Recombinant antigens are likely to represent the best source for producing a Chlamydia vaccine because of their ease of production and purification as compared to native sources. To this end, choosing an antigen which is conserved and expressed similarly across serovars would offer the greatest chance of inducing cross-serovar protection. While the use of whole Chlamydia, live-attenuated or inactivated, was the method of choice for early vaccination studies in the 1960s-1970s, the potential for worsening secondary infections has led researchers away from using these methods of vaccination. However, newer adjuvants and plasmid-less strains of Chlamydia have recently reinvigorated the search for a new Chlamydia vaccine that utilizes inactivated or live-attenuated Chlamydia, respectively.

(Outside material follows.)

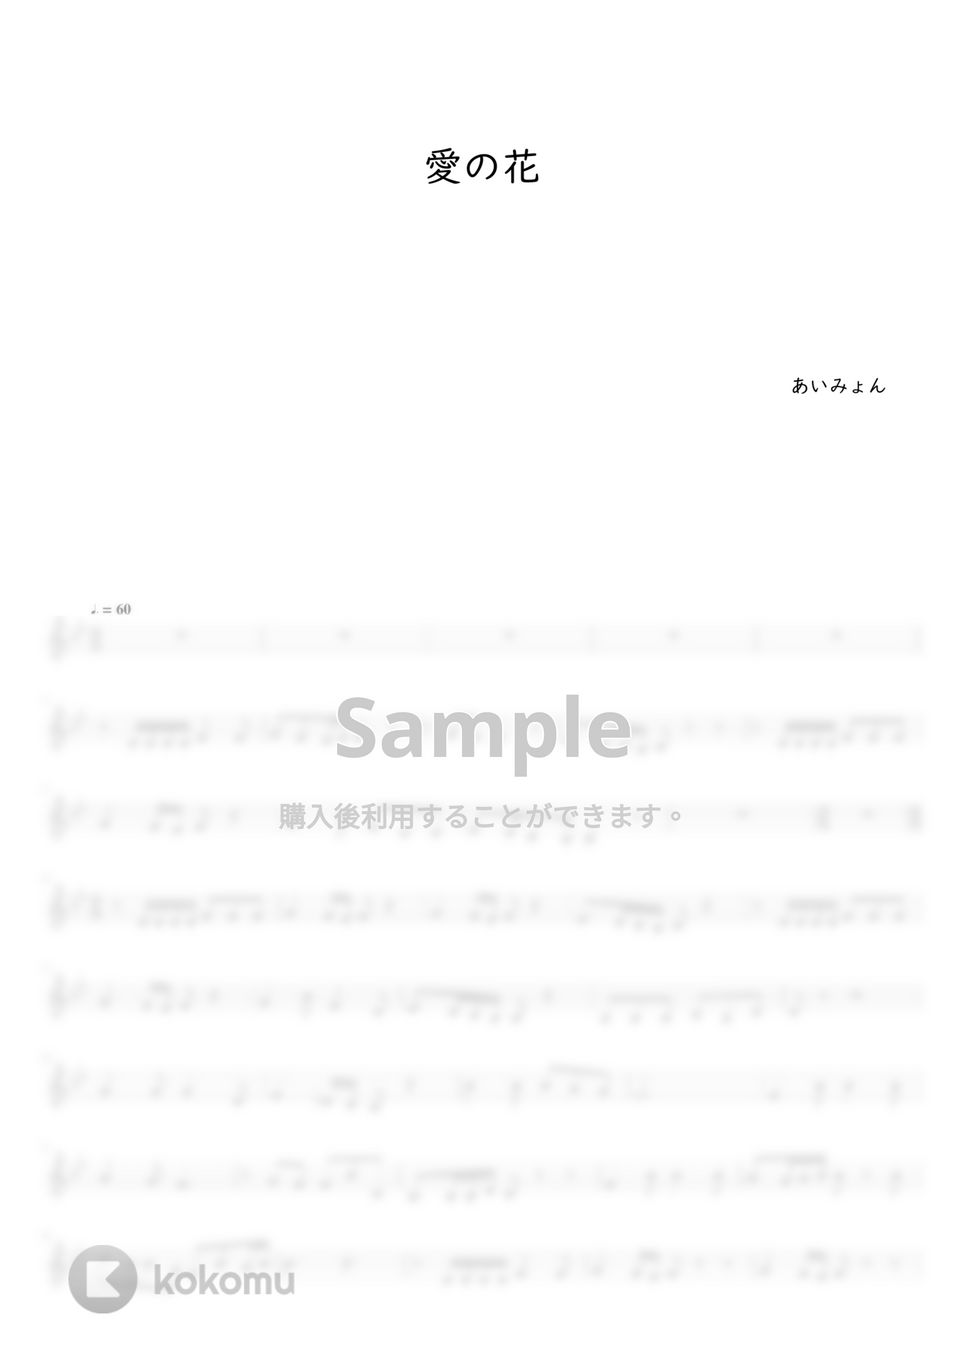 あいみょん - 愛の花 (オカリナAC用メロディー譜) by もりたあいか
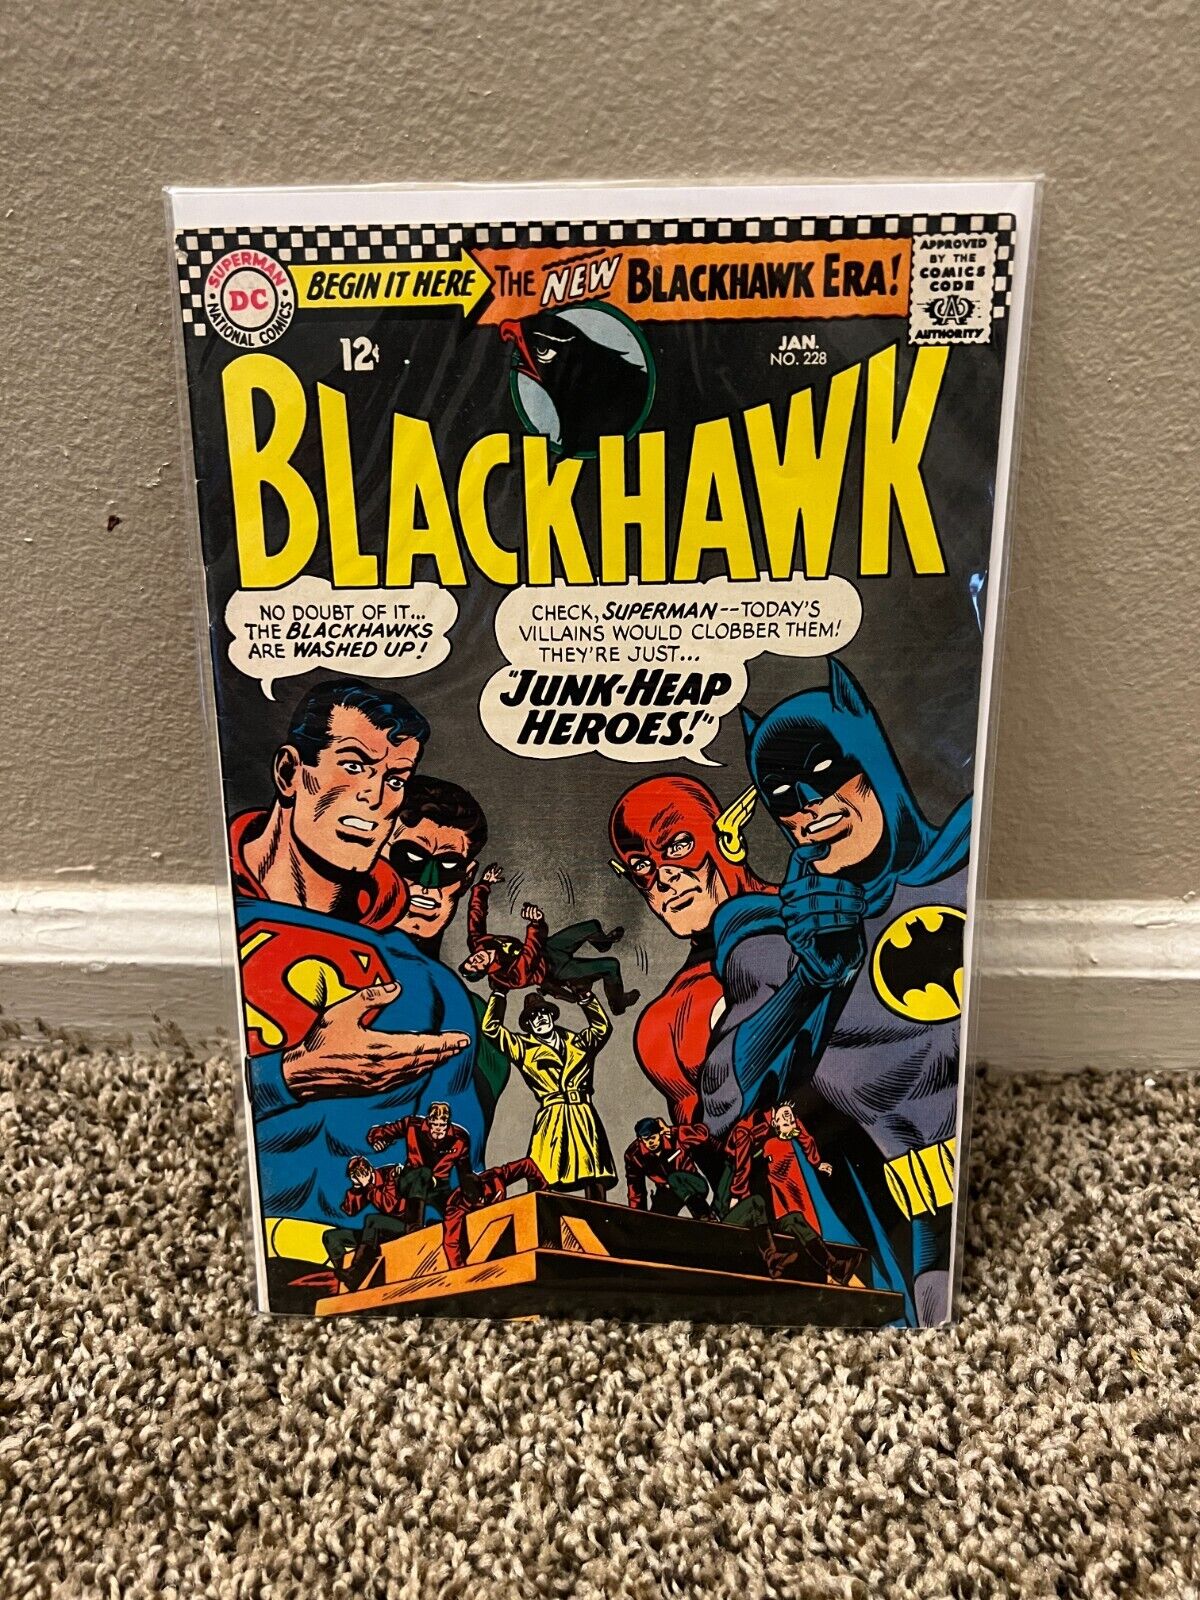 Blackhawk #228 Justice League Batman Superman Flash Silver Age DC Comic 1967

One question that may be worth asking is should a Chlamydia vaccine include antigens that are upregulated during the persistent stage of its developmental cycle. Under certain external stresses, such as immune pressure, Chlamydia can convert into what is known as a persistent form. In this non-infectious, non-replicating, but viable state, Chlamydia establishes a chronic infection to which the immune system responds as low grade inflammation that can eventually lead to scarring. In this state, Chlamydia adopts a different transcriptome. Many genes that encode for immunodominant antigens such as MOMP and Pmps are downregulated - presumably to hide from immune surveillance. It is unknown whether this differential transcriptome leads to the presentation of a different set of T cell antigens, and whether this temporal change in immunoproteome alters the effectiveness of immune responses primed with classical EB or reticulate body (RB) antigens. Potentially important parallels can be drawn from vaccine research against other intracellular pathogens such as Mtb. Following an initial acute infection, Mtb transforms into a non-replicating, persistent state with low metabolic activity within macrophages. In this latent stage, Mtb has a different transcription profile where genes encoding the Ag85 family (immunodominant antigens widely used as vaccine antigens) are downregulated to low levels. Interestingly, multi-stage Mtb vaccines consisting of both early and latency-associated antigens are demonstrably better than vaccines formulated with early stage antigens alone in multiple mouse models of latent tuberculosis. Whether Chlamydia also has a different antigen repertoire during persistence remains to be investigated, and, given the pathological implications of persistent infections, the merit of a multi-stage Chlamydia vaccine consisting of EB, RB, and persistence-associated antigens needs to be discussed within the field.

Summary

Six decades of vaccine research encompassing advances in genetics, mucosal immunity, and adjuvant development have led to the evaluation of a large number of potential antigens and adjuvants for a human C. trachomatis vaccine. The mouse model has been, and will continue to be, essential for preclinical vaccine development and should be sufficient to move C. trachomatis vaccines into clinical trials. Future efforts, however, will be required for the identification of specific immune mechanisms of protection and dependable markers of protective immunity in humans, and this could be achieved with wider use of the pig and non-human primate models which more closely resemble the human. The field is cautiously optimistic as the first wave of C. trachomatis vaccines enter clinical trials.